U.S. officials face two bad options, according to the report: If they intervene and try to direct the Iraqi government to stop paying certain employees so as to prevent Islamic State from stealing a portion of the money, they could prevent hundreds of thousands of innocent Iraqis in Mosul from receiving any pay and potentially trigger a humanitarian crisis. But if they don’t intervene, Islamic State could use the revenue to buy weapons and fortify the city against the expected siege by the U.S. and Iraqi militaries this spring.

“No decision has been made one way or another as to how the U.S. should engage on [the seized funds],” a senior administration official told the Journal. “This is something we are concerned about and continue to look into, but this is a matter that the Iraqi government ultimately controls.”

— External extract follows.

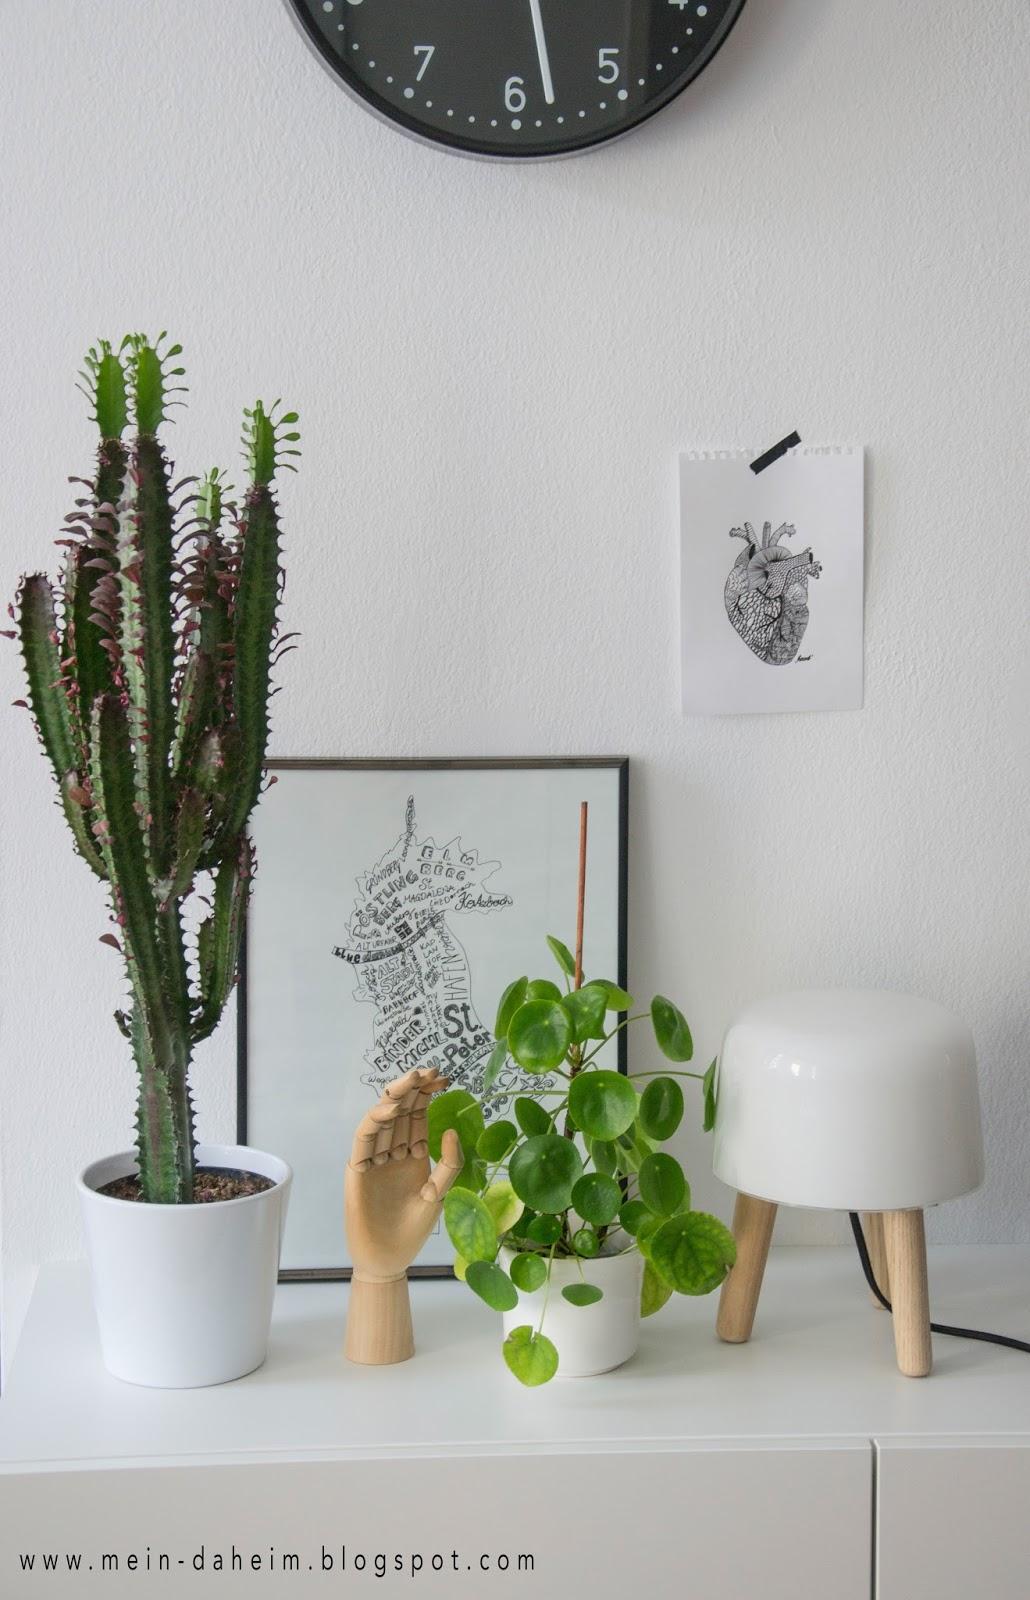 mein daheim interior modernes pflanzenteil aka pilea peperomioides. Black Bedroom Furniture Sets. Home Design Ideas

Money couriers leave places like Mosul and go to Kurdistan or other areas to collect government payments for a large group of Iraqi employees who work in such Islamic State-controlled areas, U.S. officials told the Journal.

The courier system is necessary because the Iraqi government has banned money transfers to banks inside Islamic State-controlled territory.

Before Islamic State seized Mosul in June, the city had roughly 2 million people; just half are believed to remain, according to the report. A large number of Mosul residents work in government jobs, including hospitals, schools and state-owned banks.

Islamic State militants ordered many people to continue going to work to prevent the economy from collapsing.

Iraqi officials told officials with the International Monetary Fund at a recent meeting that they were aware Islamic State was skimming funds, but had little choice but to keep paying government employees.

“The general consensus [in the Obama administration] was people can’t starve,” another senior administration official told the Journal. “If people don’t get paid, they won’t be able to buy food and it will be even worse. The alternative is a lot worse.”